Data block:
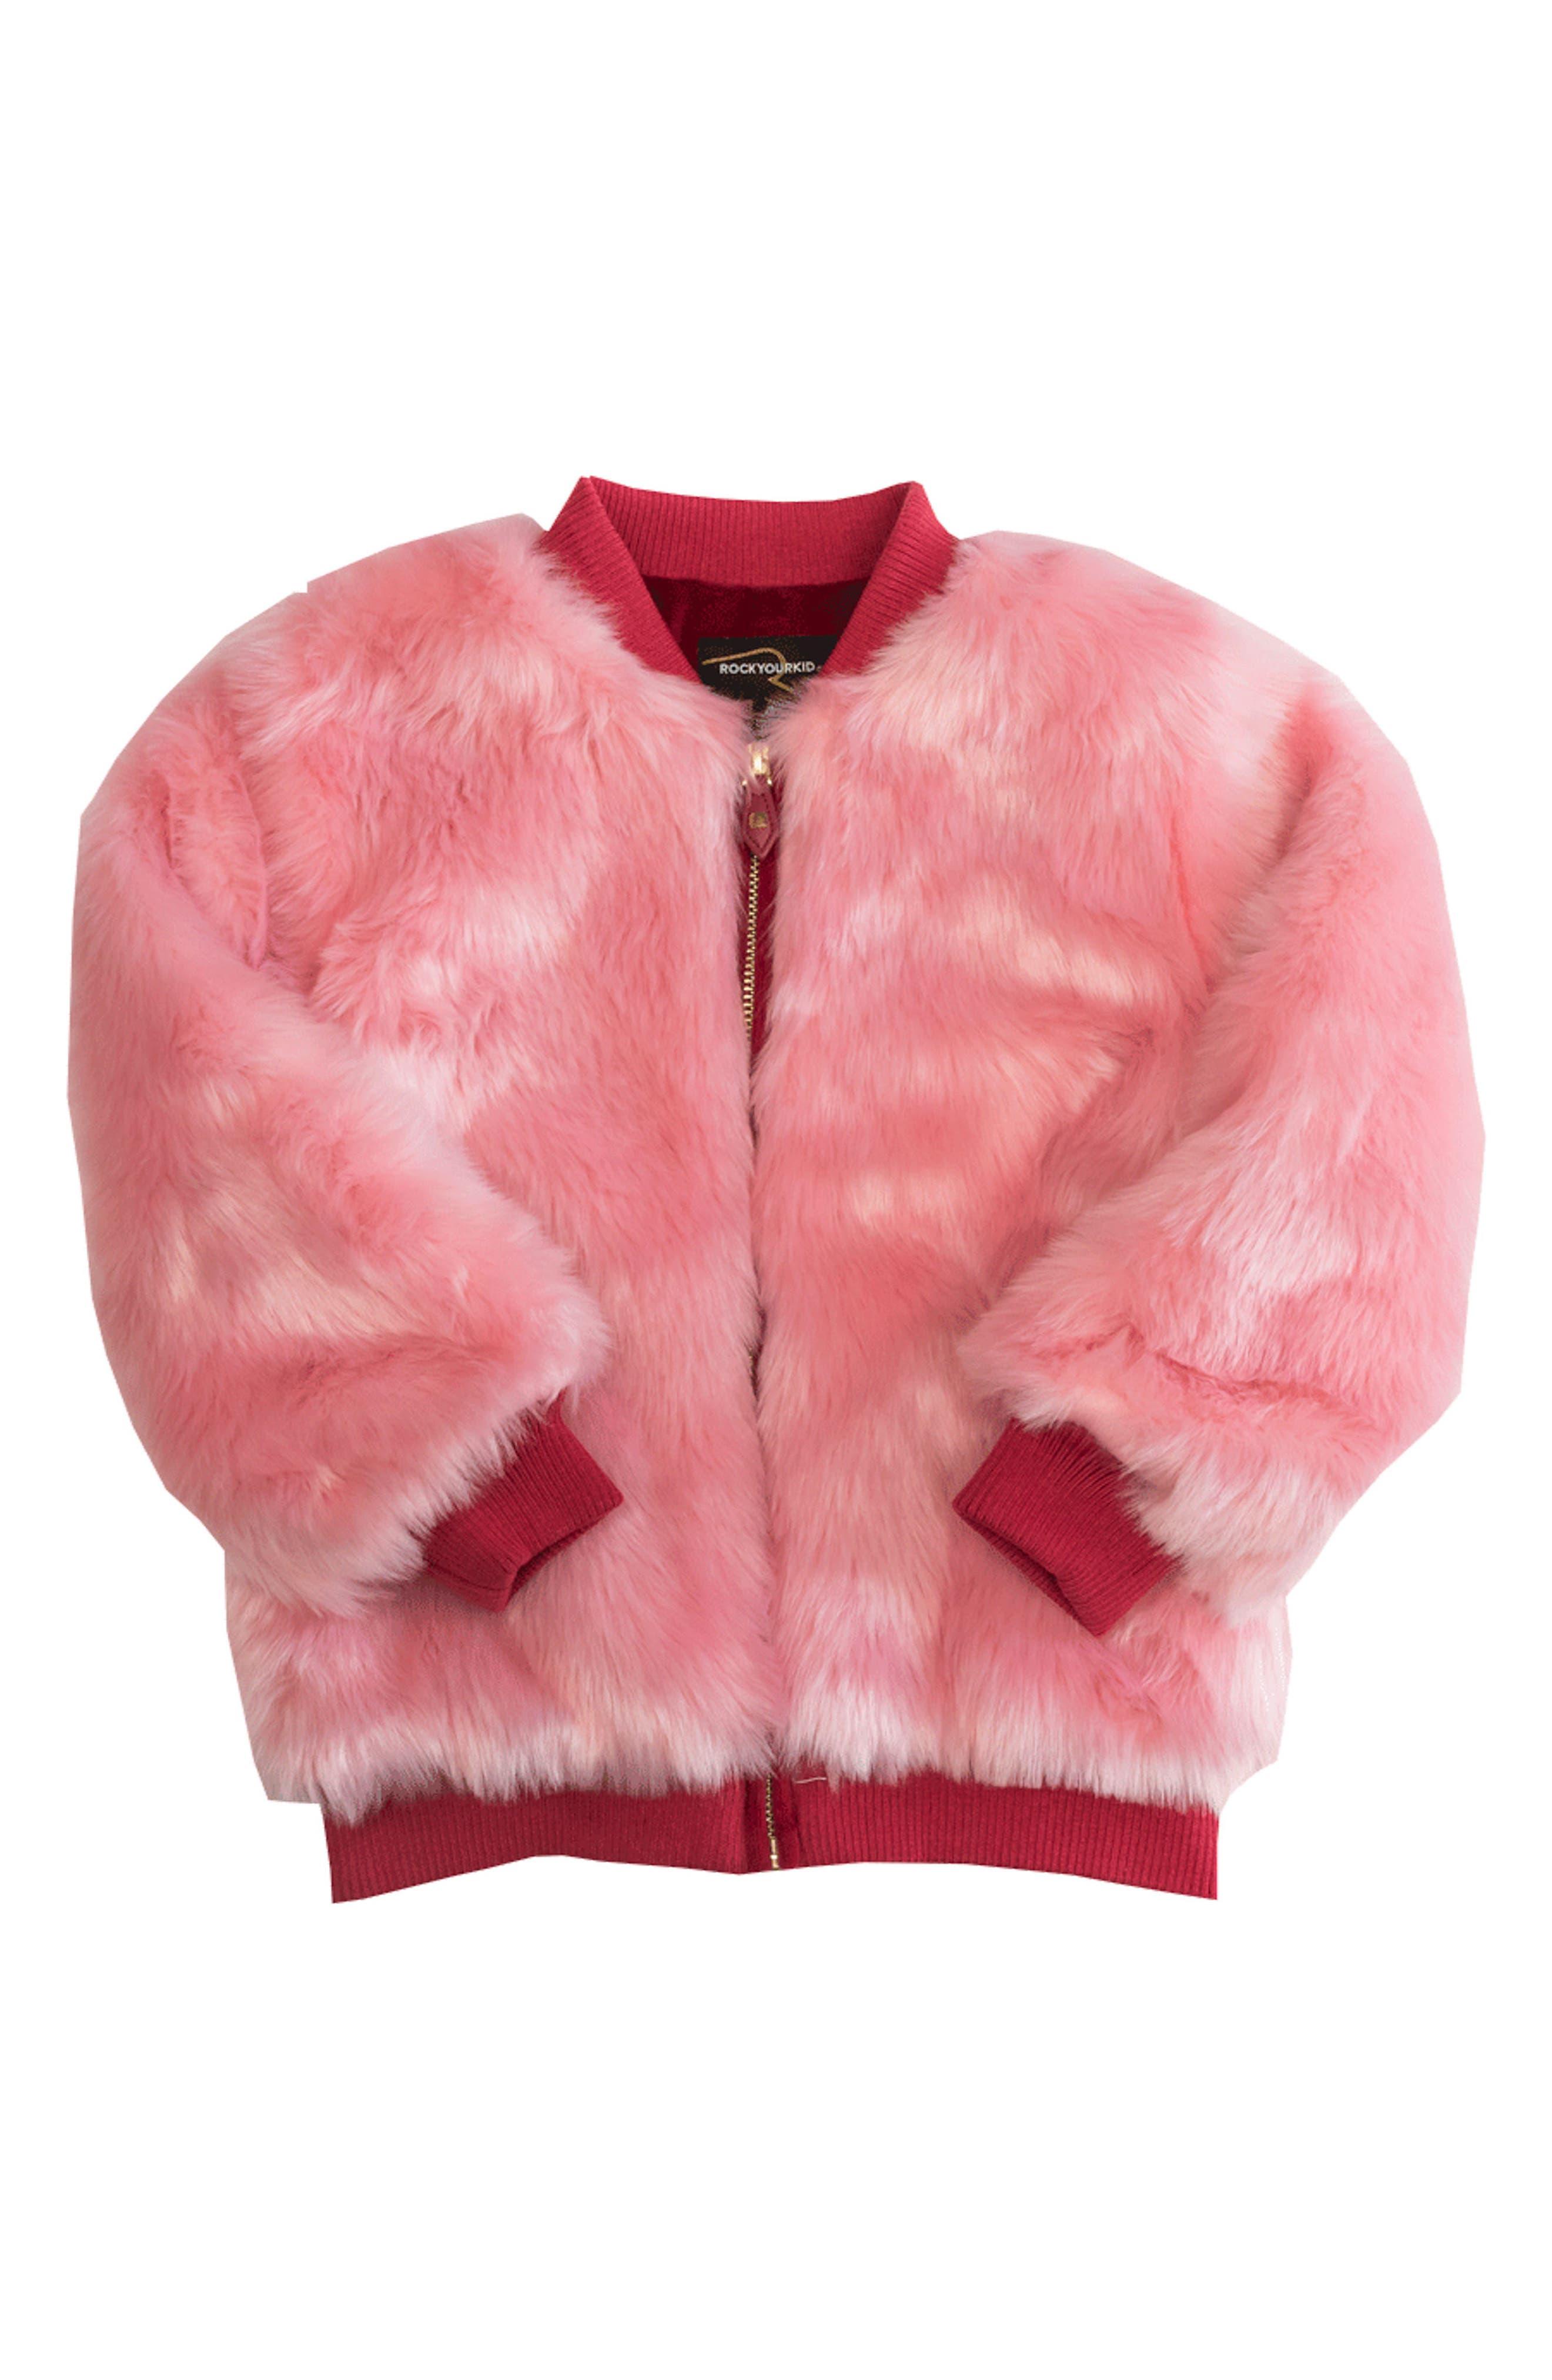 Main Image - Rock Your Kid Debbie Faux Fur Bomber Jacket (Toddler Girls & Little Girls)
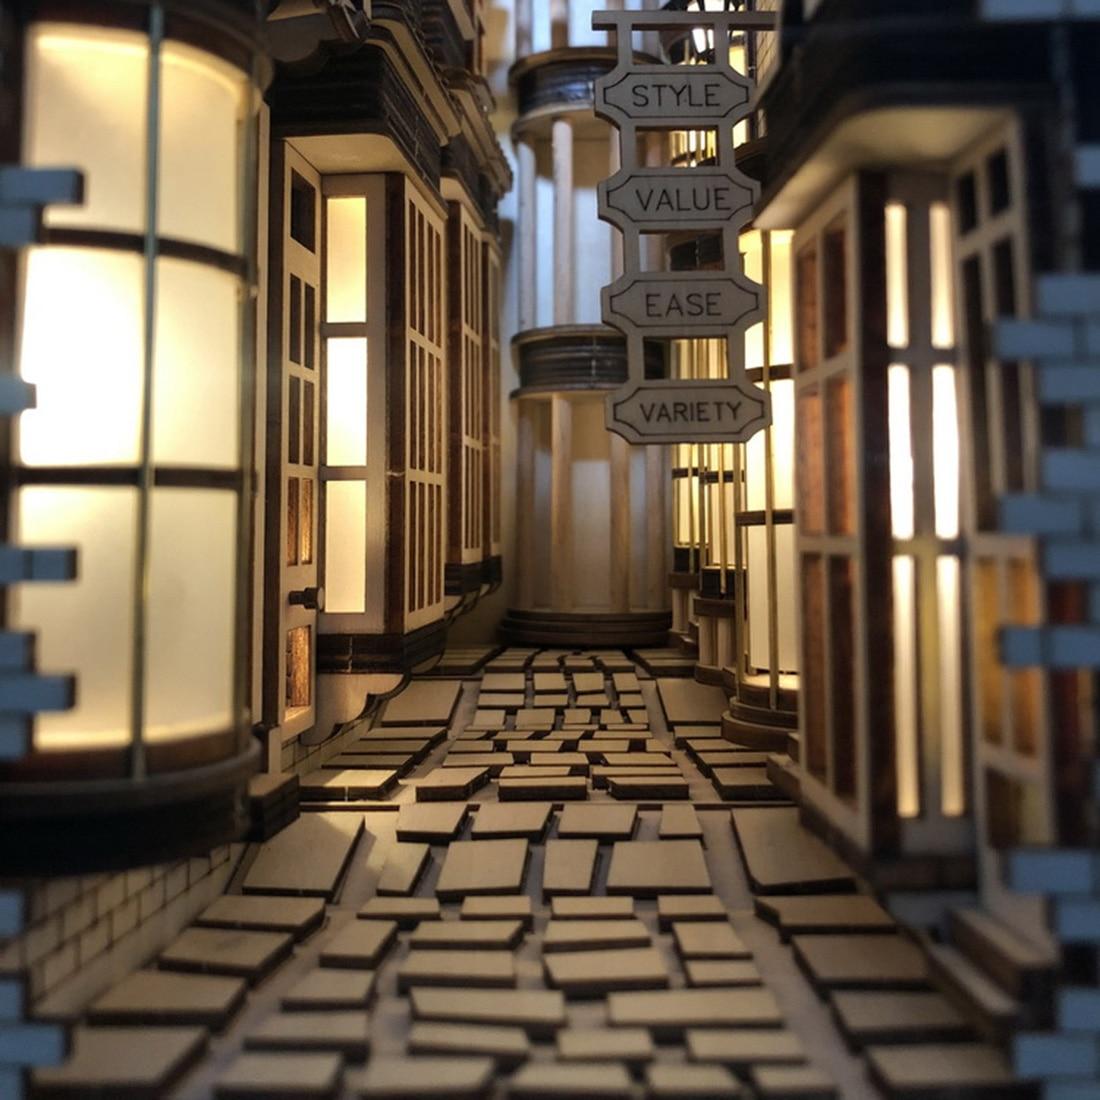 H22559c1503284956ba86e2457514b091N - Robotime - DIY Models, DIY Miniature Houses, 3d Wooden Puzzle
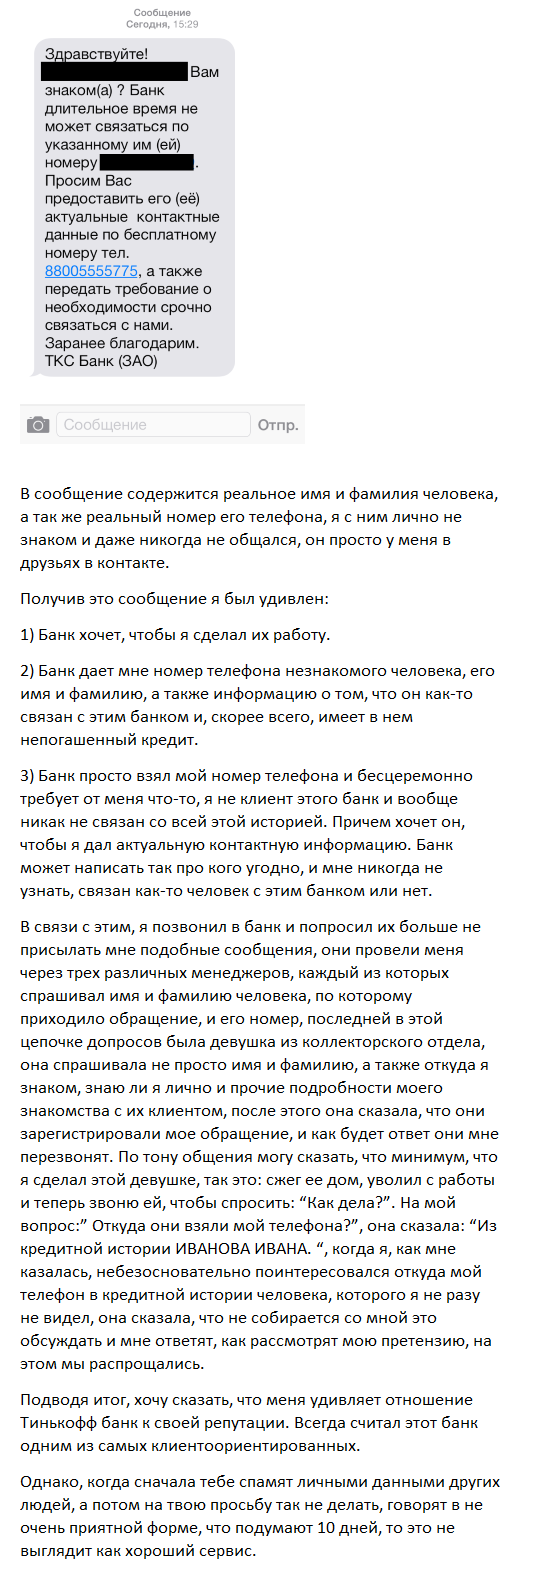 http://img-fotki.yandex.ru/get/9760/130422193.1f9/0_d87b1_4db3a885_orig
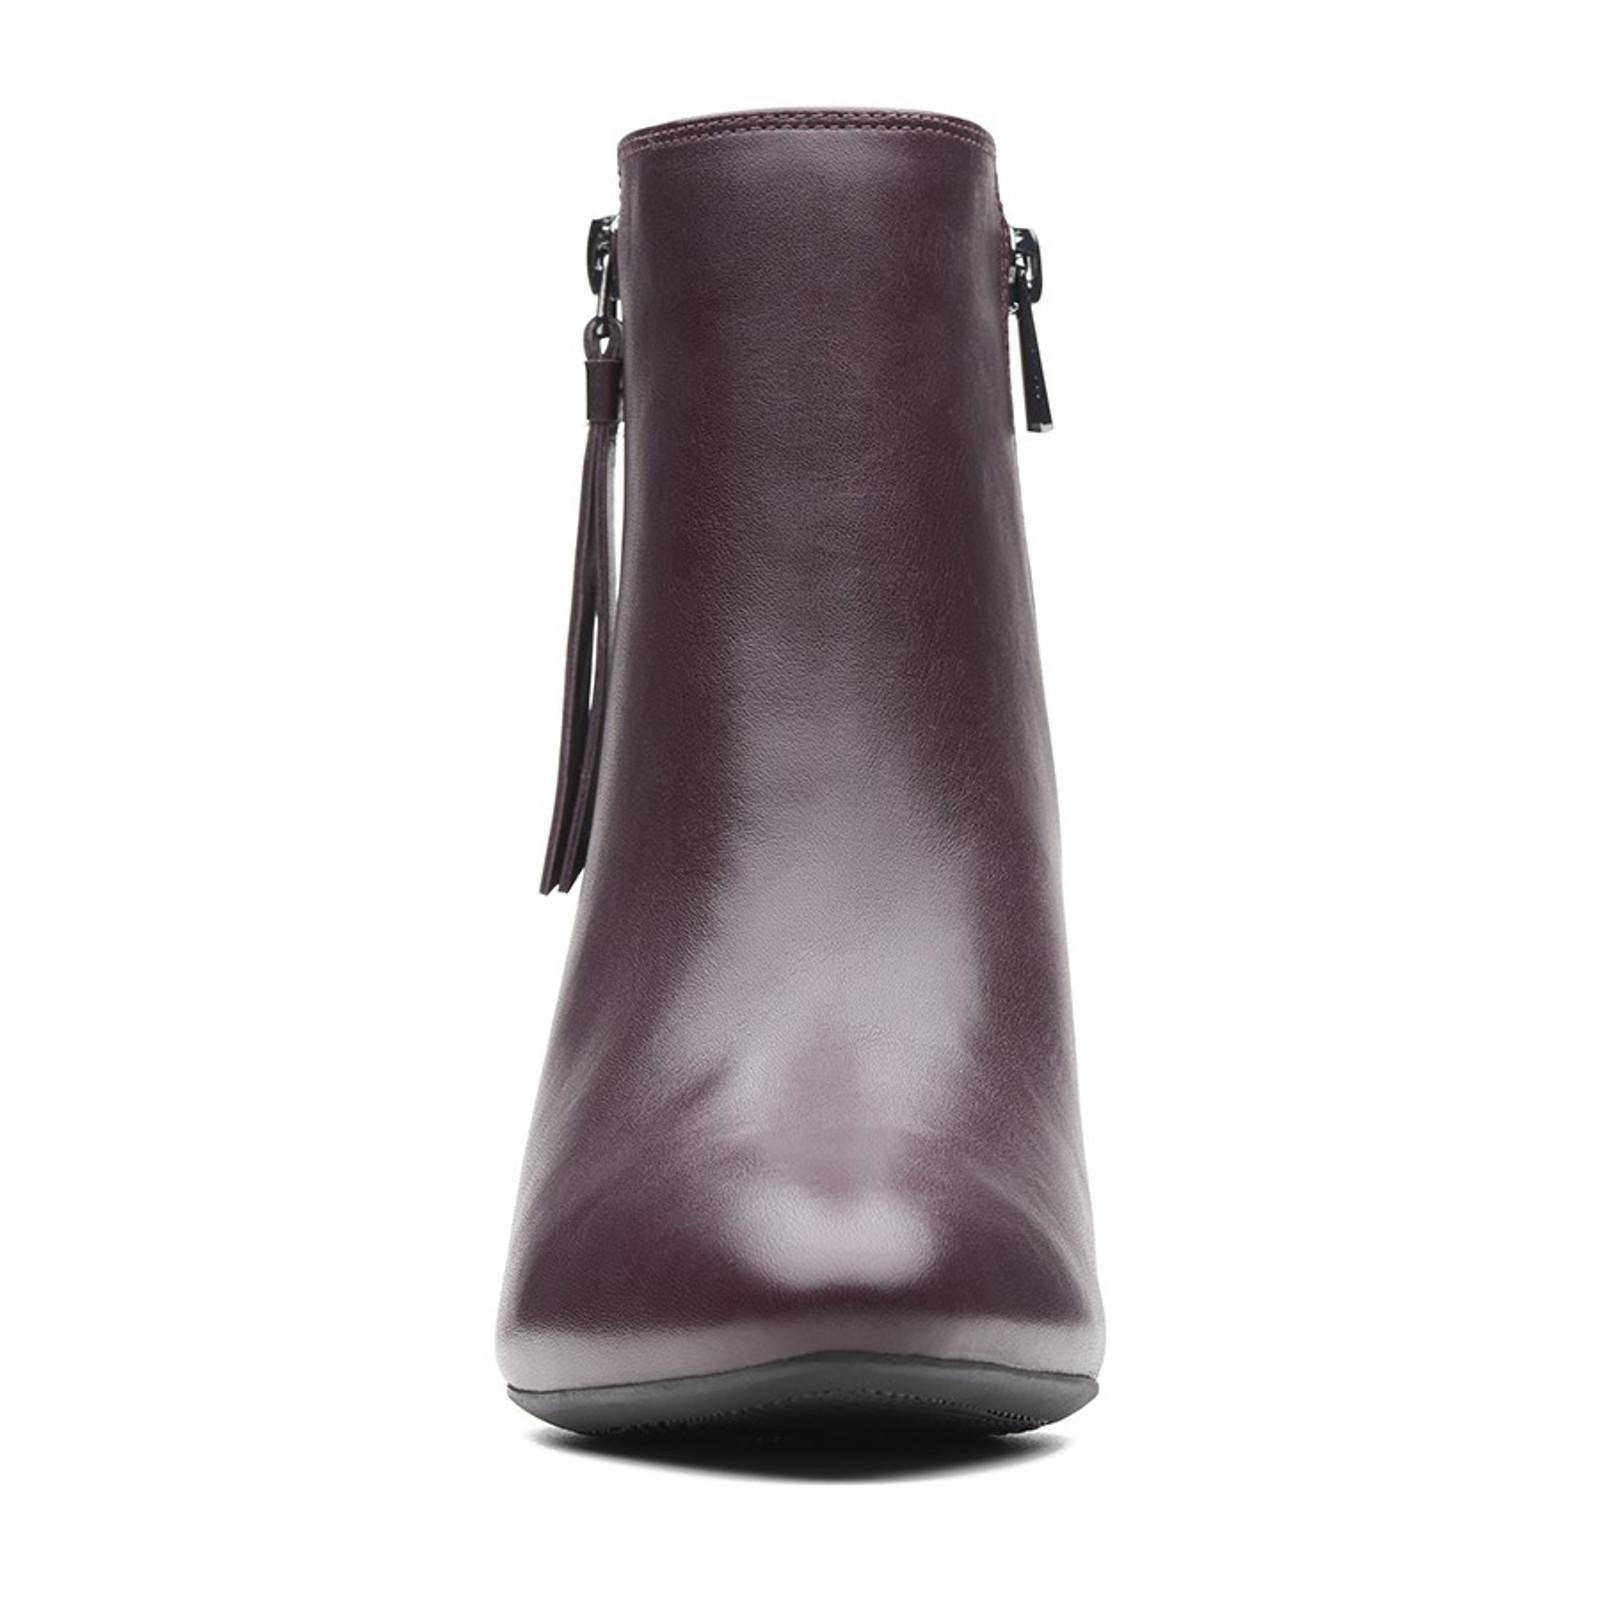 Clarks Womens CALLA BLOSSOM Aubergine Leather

Directions for this task: Print the listing again exactly as it appears, except for the pictures, which stay out.

Written response:
 Main Image - Rock Your Kid Debbie Faux Fur Bomber Jacket (Toddler Girls & Little Girls)
 H22559c1503284956ba86e2457514b091N - Robotime - DIY Models, DIY Miniature Houses, 3d Wooden Puzzle
 http://img-fotki.yandex.ru/get/9760/130422193.1f9/0_d87b1_4db3a885_orig
 Clarks Womens CALLA BLOSSOM Aubergine Leather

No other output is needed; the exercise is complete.